We didn't jump out of bed. We didn't need to. Caspian drew me back into the bed after I tried to sit up, his solid warmth against me. We were a tangled mess for a while, neither of us talking, neither of us thinking, just being.
Finally I slipped out of bed and tiptoed barefoot to the kitchen. The apartment was still—only the whir of the refrigerator and the quiet morning air through an open window. I brewed coffee, appreciating the little, domestic ceremony. There was something solid about it—making something for him, knowing he'd drink it the way he liked it, black and too hot.
He came in ten minutes, dressed in a low-slung pair of sweatpants and nothing else, running a hand through his disheveled hair. He was beautiful in the most heartbreaking way—half-wild, completely real.
"Smells like heaven in here," he replied, taking the cup I'd offered him.
"I'm your personal barista now."
"You're everything now," he replied, his face unsmiling, unteasing—simply stating it as fact.
That stopped me in mid-sip. I set my cup aside and turned to him full face. "Caspian…"
He moved closer, his fingers on my wrist. "You don't have to say it back. I just wanted you to know."
"I know," I said, more softly. "But I want to say it."
He looked at me intensely.
"I love you," I panted. "In the morning. At night. When you're quiet. When you're unattainable. I love you in ways I don't yet have words for."
He leaned in and kissed me gently, his forehead pressed against mine afterwards.
We stood like that for a very long time, nothing between us but breathing and silence.
And it was enough.
We sat later at the small kitchen table, our mugs full, breakfast forgotten in favor of just… us.
There wasn't any kind of discomfort between us—it never was. It was like it had been fought for. Survived.
"I disliked mornings," he said suddenly. His tone was lower than usual, reflective.
I looked up. "Because of work?"
"No. Because I'd wake up and it all came flooding back—the weight, the pressure, the expectations. Mornings were just reminders that the world didn't stop turning while I was sleeping."
I crossed the table, took his hand. "And now?"
His eyes met mine. "Now I wake up and recall you're lying next to me. That makes all the difference."
God, how was he still capable of this—killing me with so few words?
My thumb brushed across his knuckles. "You don't have to carry it all on your own anymore."
He looked down, as if he did not believe he was worthy of such mercy. "I don't know how not to."
"Start here," I said. "Start with me."
For a moment, the tension that always simmered beneath his skin faltered, uncertain. Then, with godlike slowness, he flipped over my hand and pressed it to his lips. A touch, as light as breath.
"Okay," he whispered.
The rest of the morning was like in slow motion—mellow background music, Caspian's taking pans out and scrambled eggs as if he was wondering how many YouTube tutorials he had secretly been watching. I bullied him about it; he smiled, but he didn't admit to anything.
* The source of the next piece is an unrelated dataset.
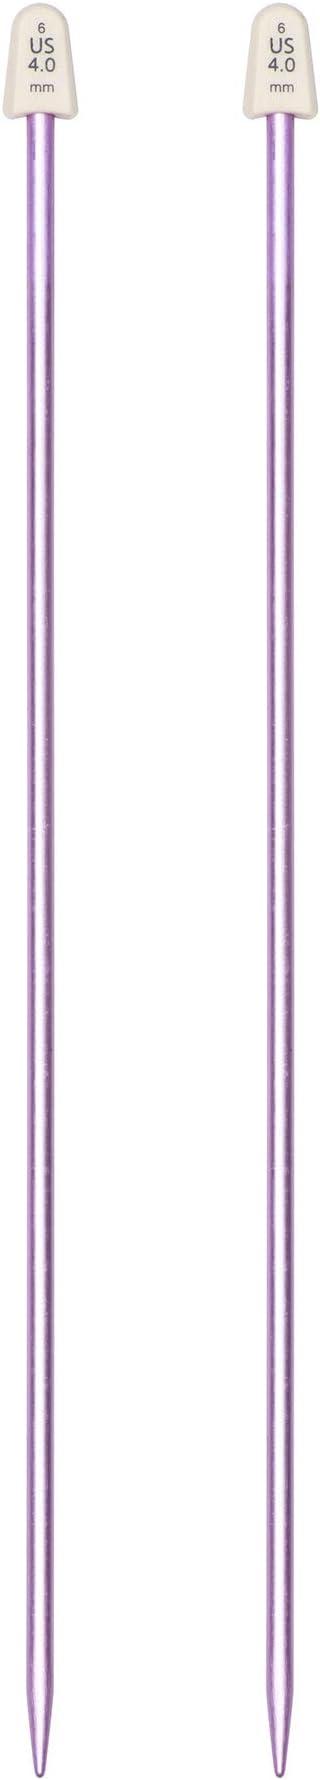 Lavender Susan Bates 10-Inch Silvalume Single Point Knitting Needle 4mm

We ate across from each other, knees touching under the table, every contact sending warm tingles of recognition coursing through my system. Even so, even here, even in this mundane, the chemistry between us thrummed—tamed, to be sure, by love, but still potent.
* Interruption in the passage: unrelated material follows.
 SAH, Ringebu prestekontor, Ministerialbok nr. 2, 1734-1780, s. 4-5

Then we stepped outside onto the balcony. The city was beginning to stir beneath us, but we didn't talk much. He stood behind me, arms wrapped around my waist, chin on my shoulder.
"I like this," I said. "This kind of quiet."
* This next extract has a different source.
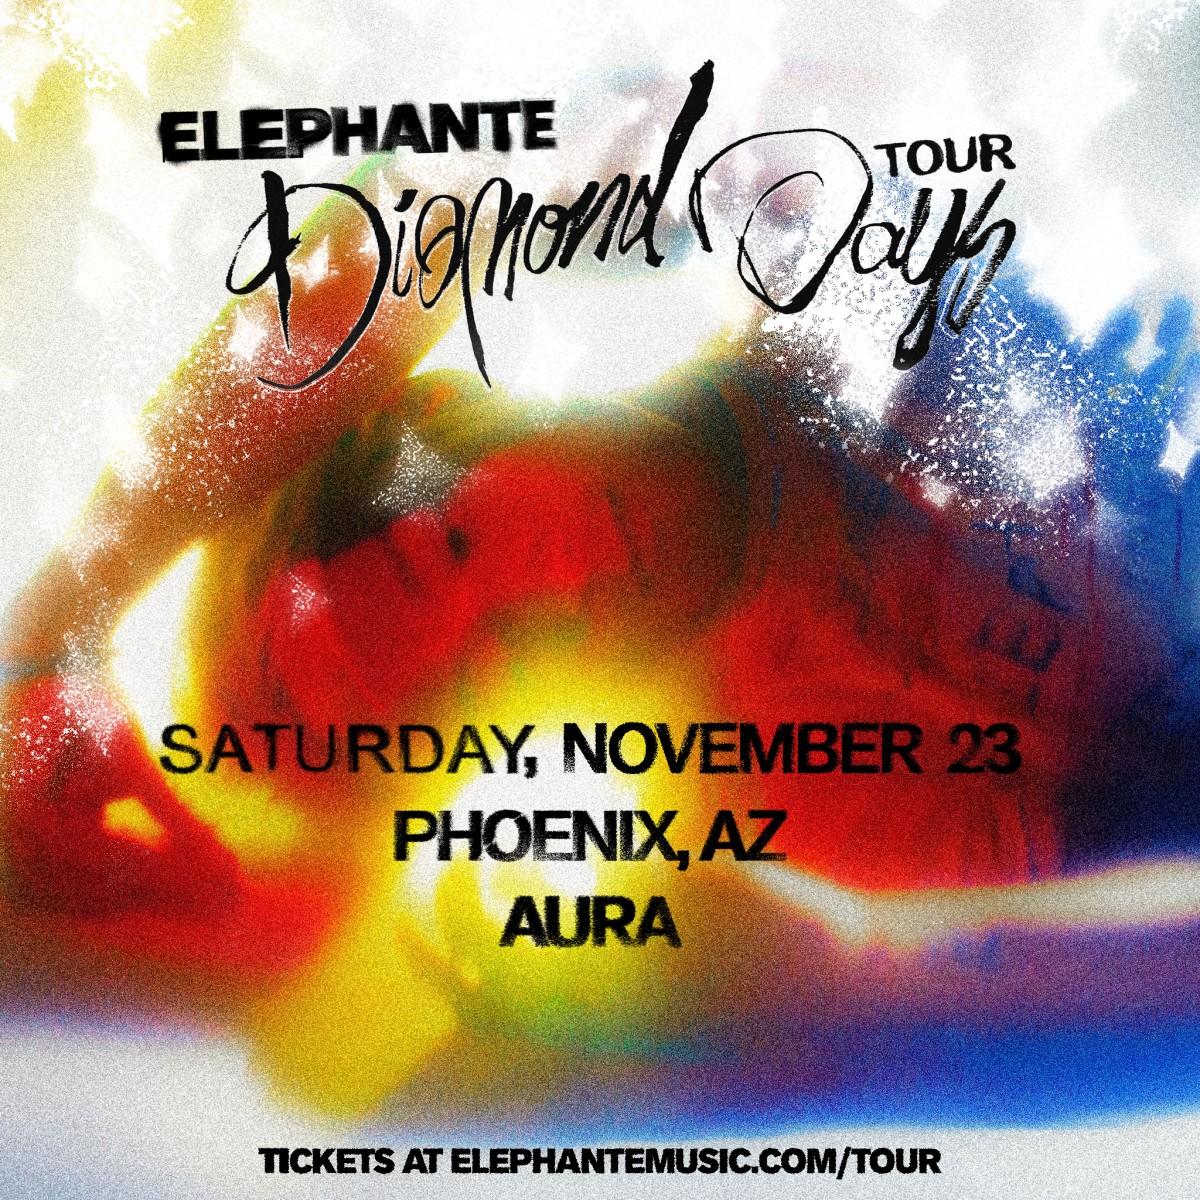 Flyer for Elephante

"It won't last forever," he whispered.
"I know."
"But I'll fight for it. For you."
"I'll fight too," I said. "We both deserve to be happy."
He swung me into his arms and looked at me like I was the only sense in a sea of madness. "Promise me something?"
"Anything."
"When life becomes jumbled again—and it will—don't shut me out. Don't carry it alone."
"I promise," I whispered, and did.
His lips brushed mine then, not with desperation, but with determination. And somehow that firmness unraveled me more than desperation ever had.